§ **Material for this exercise**
┏━━
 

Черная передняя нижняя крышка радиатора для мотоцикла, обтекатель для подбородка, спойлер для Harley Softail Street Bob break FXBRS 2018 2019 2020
┗━━
┏━━
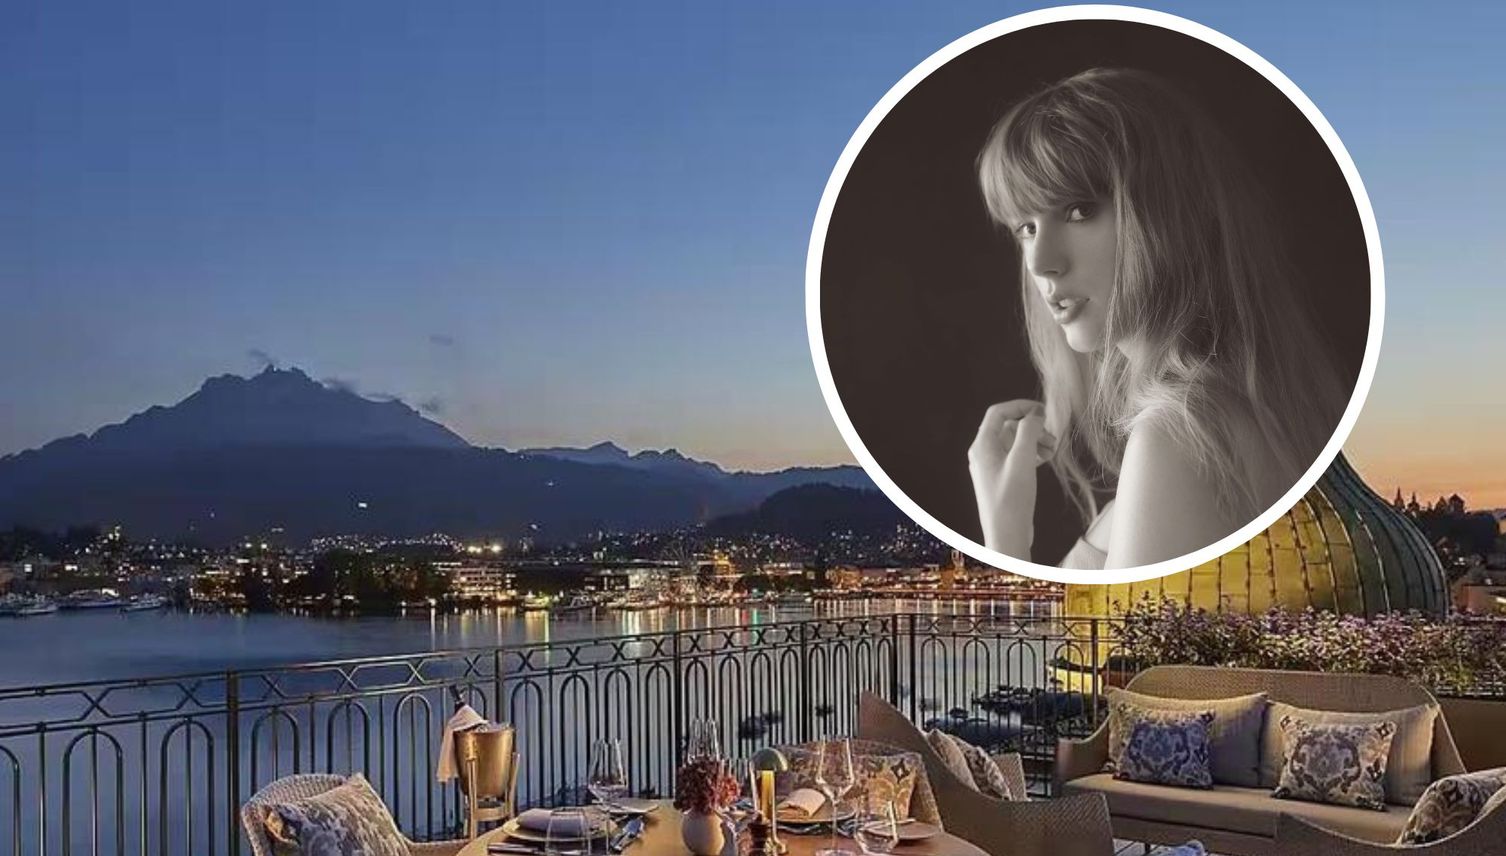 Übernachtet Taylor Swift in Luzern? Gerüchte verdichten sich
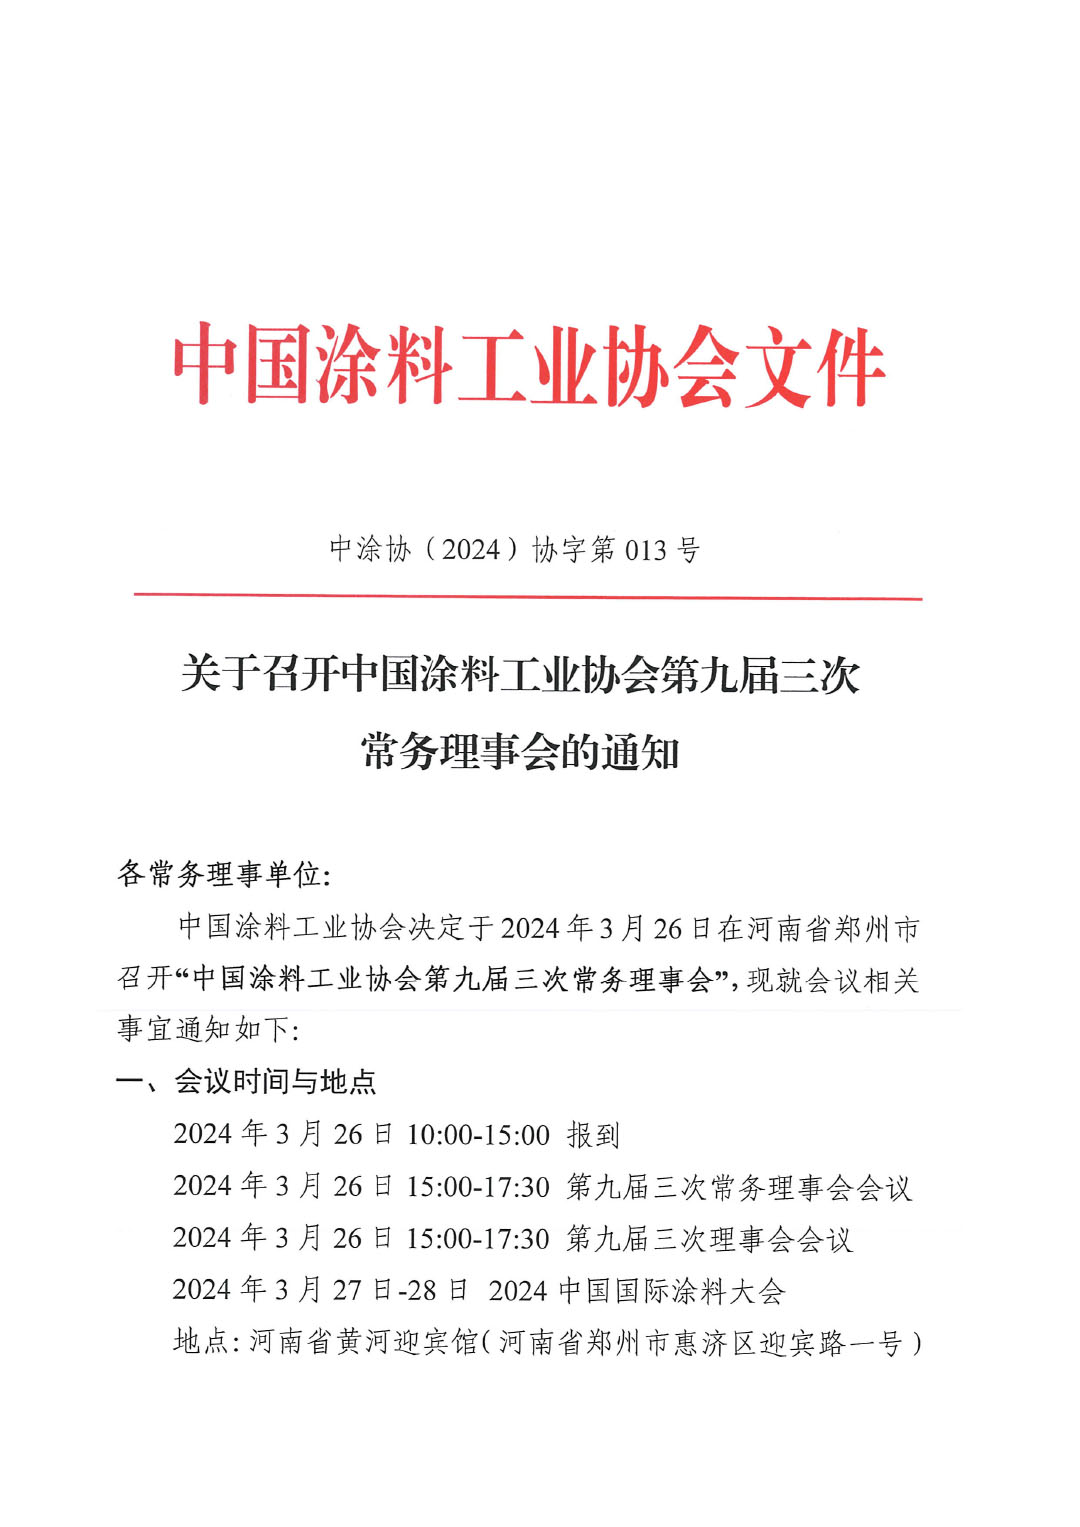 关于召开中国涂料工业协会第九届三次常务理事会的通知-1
┗━━
§ **Work item**
Given the listing above, retype only the span of lines from the line with "Übernachtet Taylor Swift" up to and including the line with "关于召开中国涂料工业协会第九届三次常务理事会的通知-1", exactly as it stands and without pictures.

§ **Solved problem**
 Übernachtet Taylor Swift in Luzern? Gerüchte verdichten sich
 关于召开中国涂料工业协会第九届三次常务理事会的通知-1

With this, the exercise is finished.